In relating otaku obsessions with various moe elements, Azuma is astute to point out that “the desire to remain with a transitional object in PERMANENT transition is precisely realm of perversion.” Perversion as such exists because the Law, which it defies, is acknowledged. Practiced within a social group or privately, it is a form of resistance to the Law. In the database model, reinforcement of multiple lines of sight including narrative, through which other asymmetries emerge, creates transitional or multiple subjects as opposed to fixed, singular, Cartesian subject positions.
It is unsurprising then, that manga and limited anime disrupt the most important of Capitalist/Lacanian subject positions/power relations—that of gender. The anime version of The Rose of Versailles (manga by Ikeda Riyoko, 1972) is perhaps the earliest example. Here, we see Oskar, the beautiful captain of the Queen’s Guard, raised as a man but clearly female, announcing her decision to join the Revolution and to remain with her husband, a fellow soldier.

The phallacy of the Lacanian/capitalist subject position is that the experience of lack is based upon the possibility of and desire for a fully constituted subject. If the idea of wholeness, completeness, that is to say selfhood and self-ownership is abandoned, then what was previously experienced as lack is experienced as ecstatic excess, not too little, but too much. The phallus turned inside out is a space, both receptive and generative. The truth is that an ontologically consistent subject is only one possible asymmetry among many. A viewer-retriever of information follows a sight line that depends on his or her own attraction. If the consistency of a line of sight is maintained, a traditional gendered object/subject may emerge, but this is also not necessary. For Lamarre, “asymmetry begins to implicate perception and imply emergent positions which hover between a viewing position (subject) and sheer delight, terror, disgust, or lust (affect).”

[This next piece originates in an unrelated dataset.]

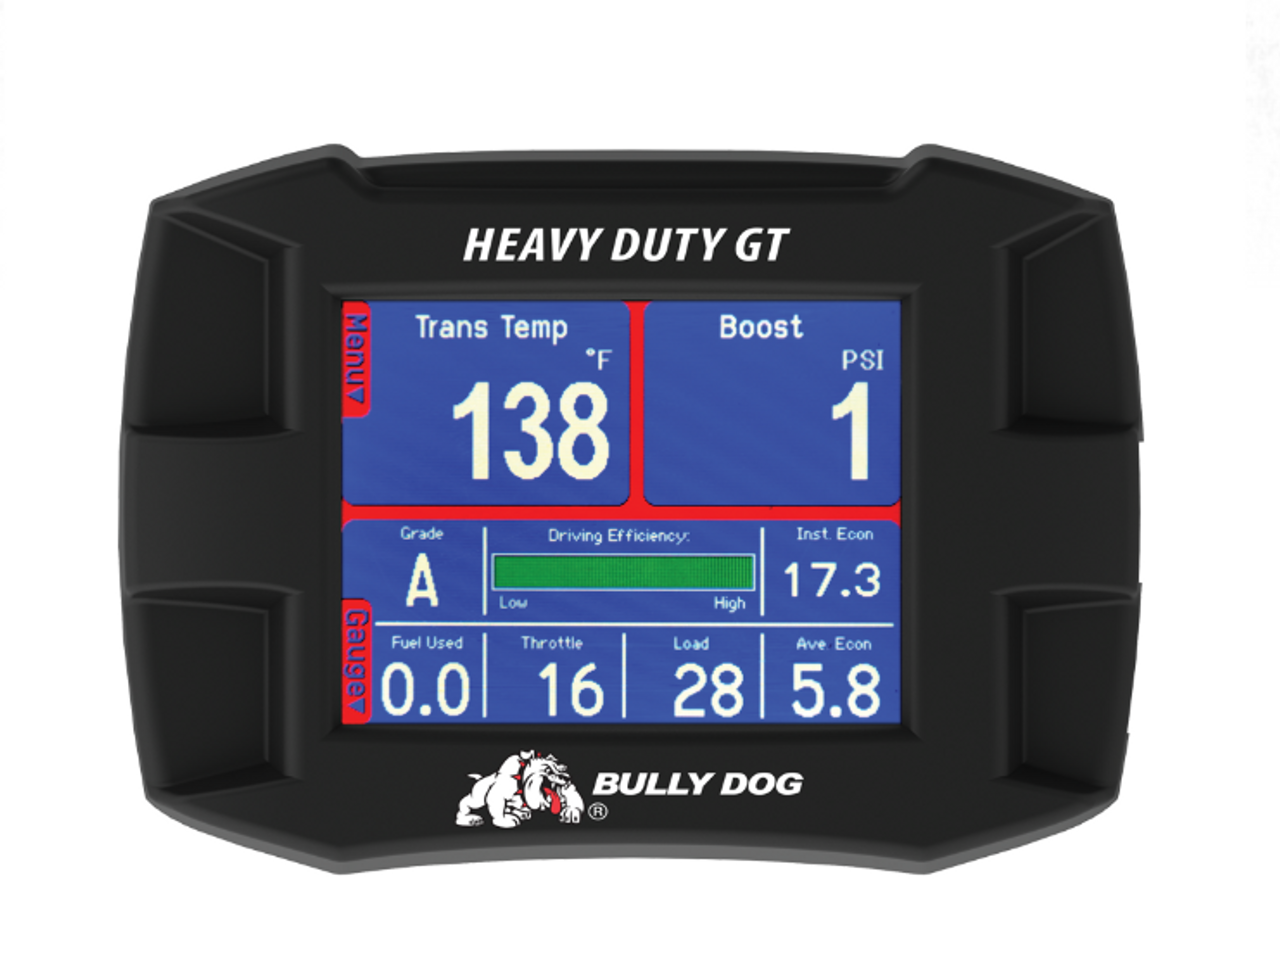 Bully Dog Heavy Duty GT Monitor (46500) Top View

If I analyze my own hybrid media writing in terms of the Azuma/Lamarre database/distributive field model, it’s clear that I am interested in creating a non-random distributive field of information containing an attractor called a story. My predilection for using melodrama and genre codes makes this line of sight apparent while at the same time positing it in an exploded field of information elements. “Reading” the novel, the viewer experiences not lack, but an excess of information (this, in part, because I use an open system of collaboration, in the case of Mayakovsky through links rather than embedded information, and in Queerskins through appropriating objects from virtual communities Youtube and Flickr. ) Just as the filmmaker uses editing to overcome the partial/lacking view provided by the frame, the viewer/reader sews together fragments of text, image and sound-- suturing becomes overt and the spaces between them apparent. Thus, the process allows the viewer to perceive the limits of perception related to embodiment and to his or her own desired subjecthood. In constructing a narrative whole (or not) the viewer becomes aware of his or her decision to pursue certain asymmetries. Continuities of form and action is replaced by multiple possible asymmetries created through resonance, iteration, affinities of affect, media form, character, action, and rhythm (time) which can be followed, or not, according to the reader’s own desires/limitations.